J’y ai vu des jeux de voile intéressants, un maniement
de la canne un peu trop vigoureux, voire même dangereux
pour certains spectateurs placés près de la scène,
et une entrée majestueuse avec le chamadan.
Malheureusement,
là aussi la dernière danseuse a fait quelques
gestes désolants. À un pauvre homme assis en
face d’elle, la reine du show (elle était très
belle, un peu dans le style de Cher) a mimé la bave
qui coulait au bord de ses lèvres. C’était
très humiliant, d’autant plus qu’il était
accompagné d’éminents collègues
qui se sont bien moqués de lui.
Un
concours de « belly dance » y est organisé avec
des femmes du public, choisies par des serveurs affables. À ma
grande surprise, je me suis retrouvée sur la scène
et j’ai bien fait rire le public quand, après
que le chanteur-animateur nous ait « enseigné » quelques
pas, j’ai eu à les exécuter en solo.
Comme
j’étais la seule représentante du Québec
(interpréter Canada car très peu de Turques connaissent
notre bien belle province), j’ai décidé de
mettre le paquet. Son air totalement ahuri et les applaudissements
de la foule ont été ma grande récompense.
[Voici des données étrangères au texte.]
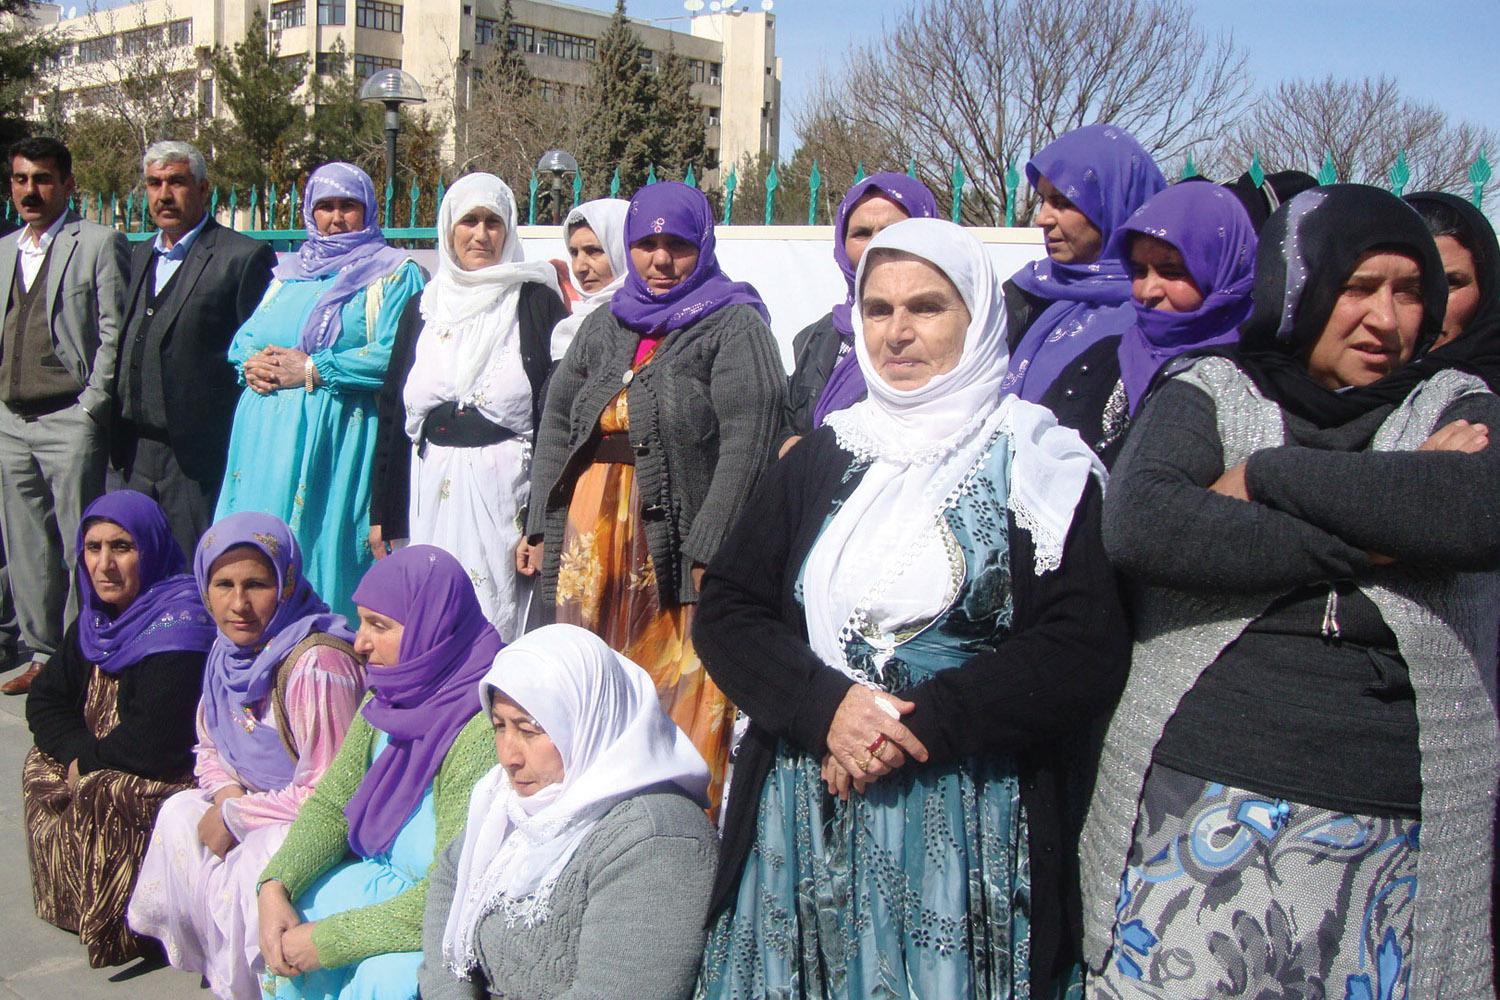 Relatives of victims assemble before a court hearing in Diyarbakır, March 2012, during the trial of a former gendarmerie officer and six others for 20 killings and disappearances between 1993 and 1995 in Southeast Turkey.
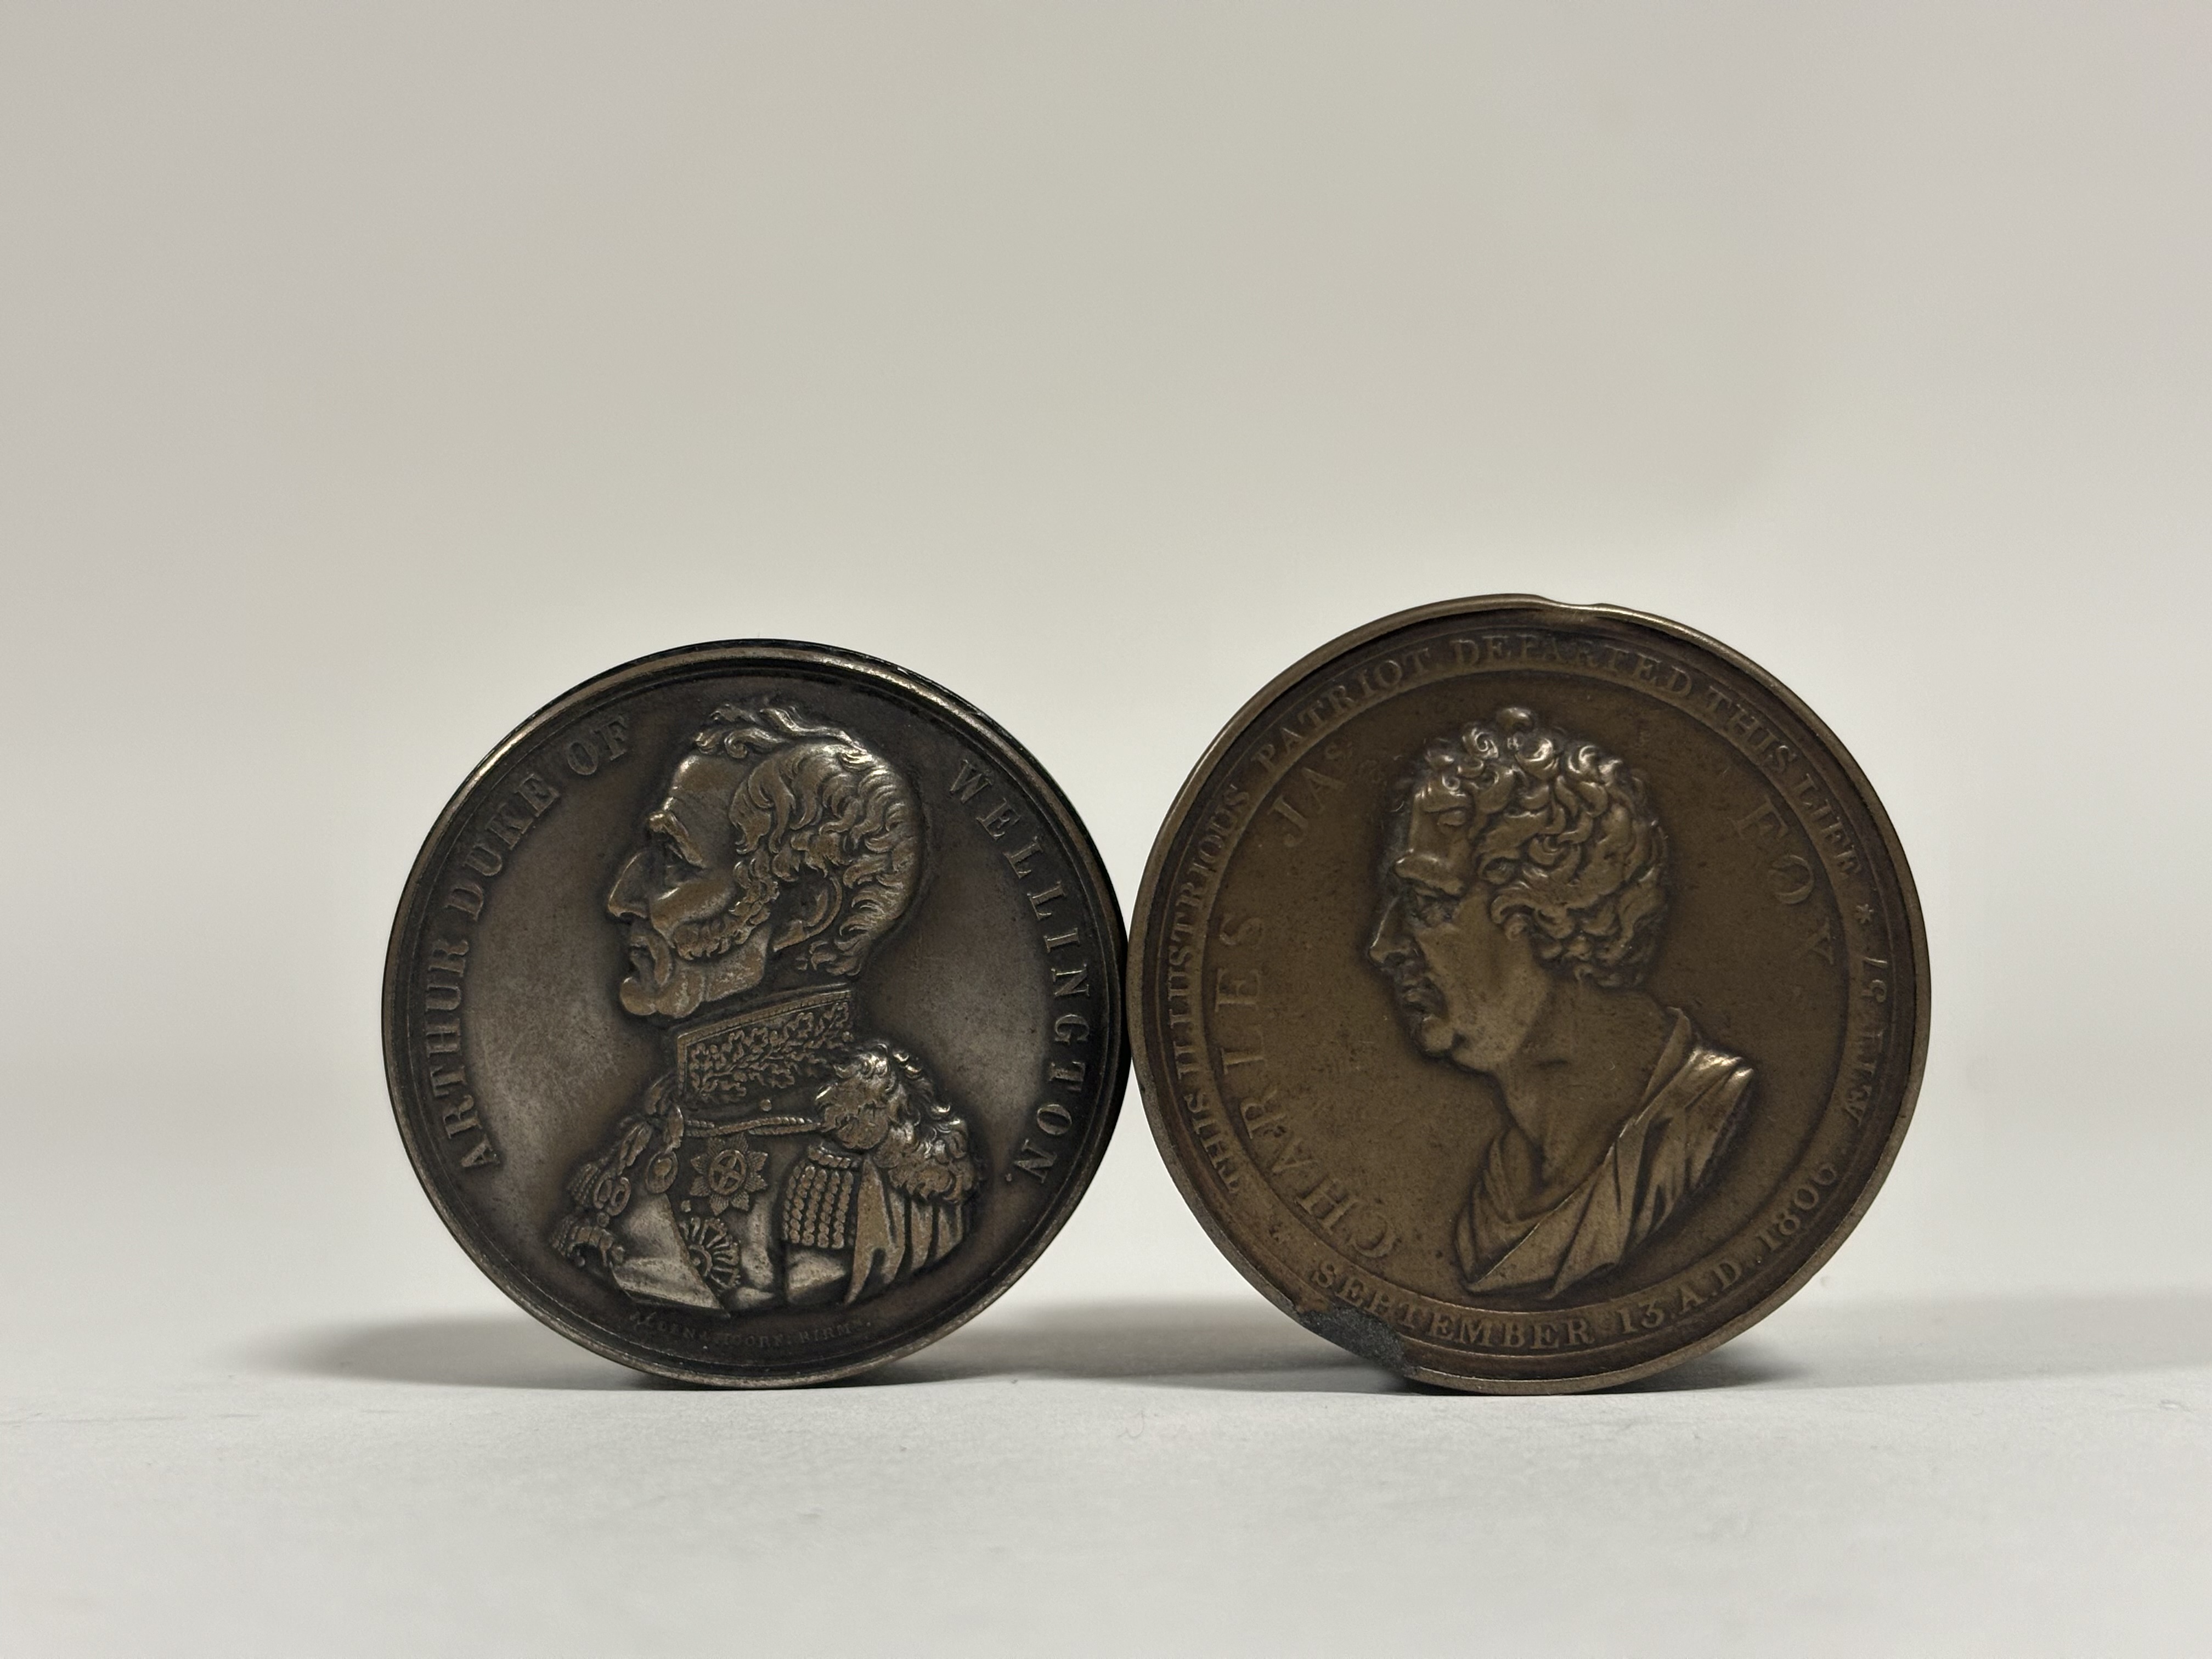 Two 19th century commemorative snuff boxes: a bronzed spelter circular example based on the design

Je suis ressortie de ce concours avec une jolie médaille
où il est inscrit « Belly dance winner » sur
un côté et à l’envers, « Love
from Turquish».
En
bref, dans ce night club, nous nous sommes bien amusés
et la soirée a été trop courte.
Au
Gar Club, mis à part un claviériste et un DJ,
nul musicien en vue.
La
scène est constituée de deux parties, dont une,
la plus près du public, monte et descend au bon vouloir
du DJ. L’idée est tout à fait intéressante
mais le problème, pour les gens placés tout contre,
c’est que l’abaissement de cette partie de la scène
provoque un déplacement important d’air nauséabond
très déplaisant. Et, le DJ semble prendre un
malin plaisir à actionner le bouton commandant cet effet
spécial.
Mis à part
ce petit inconvénient, le spectacle présenté était
honnête et l’une des danseuses, dans la plus pure
tradition égyptienne, est venue chercher Louis pour
le faire danser. Cette technique d’animation n’a
pas été utilisée dans les autres boîtes
visitées. Les danseuses se sont comportées d’une
façon très correcte envers le public et je n’ai
point vu de gestes désobligeants de leur part.
En
résumé, si vous faites un tour à Istanbul,
l’endroit qui vaut la peine d’être visité est
sans contredit le Orient House. La nourriture y est excellente,
le spectacle de qualité et le prix très abordable
surtout si on compare aux deux autres boîtes.
Bien
sûr, dans ce volet, je parle de tous les aspects de la
danse que j’y ai vus mais Istanbul est beaucoup plus
que ça. Si vous passez par cette ville fantastique,
la seule à être à cheval sur deux continents
: l’Europe et l’Asie, je crois fermement que vous
devriez lui accorder plusieurs jours de visite.